We modellers tend to call it a throw bar, and we tend to use only one. But as I learned while reading Detailing Track by my friend Mike Cougill (and available through OST Publications*), what we call a throw bar is actually a “head rod”, and points will have one or more additional bars called “back rods”.
I’m building turnouts using a solid point, as opposed to a hinged point. This means the point and closure rail are made from a single piece. At the place where the point would be hinged, the rail is soldered to a printed circuit board tie. The end of the point is then soldered to the head rod. The rail simply bends slightly when the switch is thrown.
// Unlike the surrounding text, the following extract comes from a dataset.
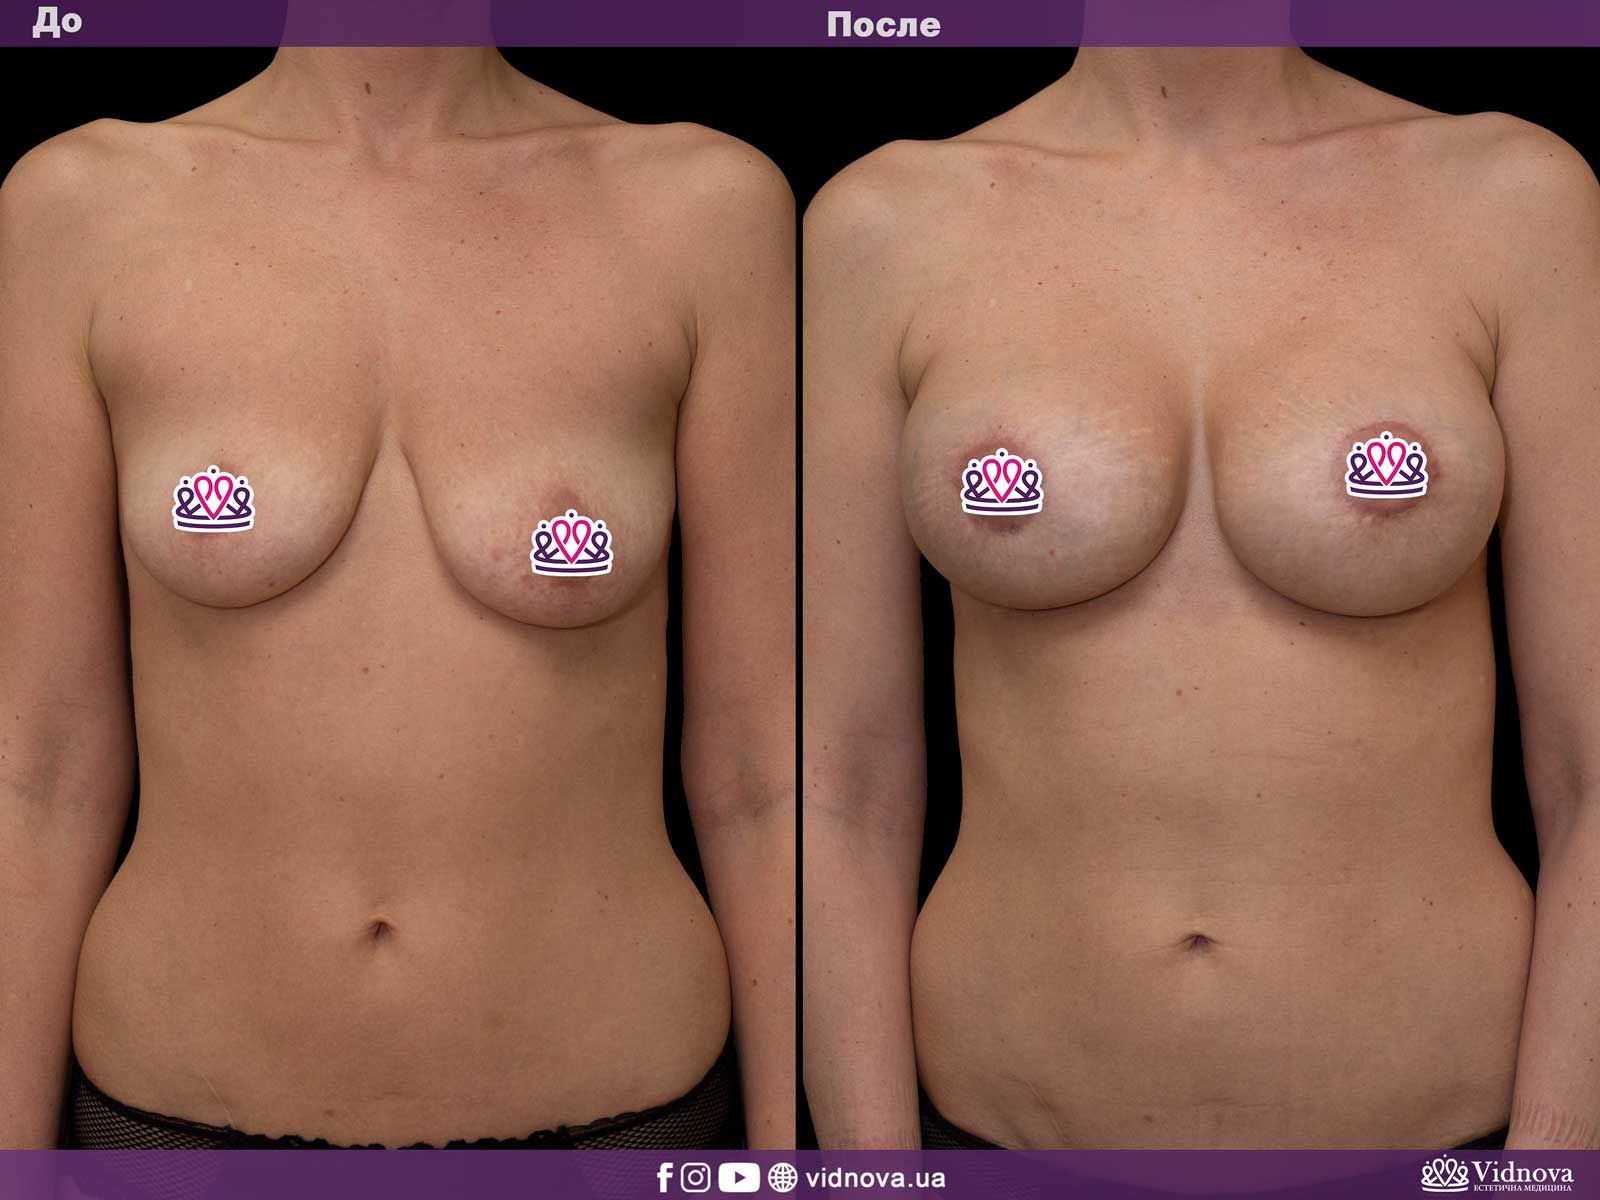 Подтяжка груди: Фото ДО и ПОСЛЕ - Пример №13-1 - Клиника Vidnova

This system works and the points are guaranteed a good electrical connection since wires can be soldered to the closure rails.
Normally, a standard PCB tie is used for the head rod, but I thought an S scale tie would be too massive. So I ordered a selection of switch-length PCB ties from Tim Warris at Fast Tracks* and then my friend Chris Abbott and I did some experimenting.
We decided to use an HO scale narrow gauge tie for the head rod, and an N scale tie for a single back rod. Locations for each were marked with the turnout in place on the layout, to ensure that the rods would fall between the appropriate wooden ties.
While the HO narrow gauge tie looks much better as a head rod, it’s too thin to accept the piano wire throw from the Bullfrog mechanical switch machine I intend to use:
Drilling a hole large enough to clear the wire would seriously weaken the head rod.
Fortunately, Chris came up with an elegant solution. He cut and fettled a thin strip of brass to solder to the bottom of each head rod. He then drilled a clearance hole for the piano wire, offset on the brass strip. Head rod and strip were tinned, soldered together, and the finished assembly was brush painted a black-grey.
The head rod and back rod can be seen in this photo:
After the turnout is installed on the layout, I will detail the head rod with NBW castings and other goodies to make it look more prototypical. As a bonus, the brass strip moves the hole to the bottom of the head rod, instead of the top, so we should be able to cut off the switch machine wire below the level of the tops of the ties.
The turnout with head rod and back rod in place can be seen set in place in this photo:
Here is a photo of another turnout with head rod and back rod, plus grass growing between the ties. The rods can be seen, but don’t leap out and shout “Train Set!”
I’ll finish painting the head rod after I install the switch stand. I hope to use the much-missed Alder Models stands with operating targets, which will require soldering an actuating rod to the head rod.
I am very close to being ready to spike down some track!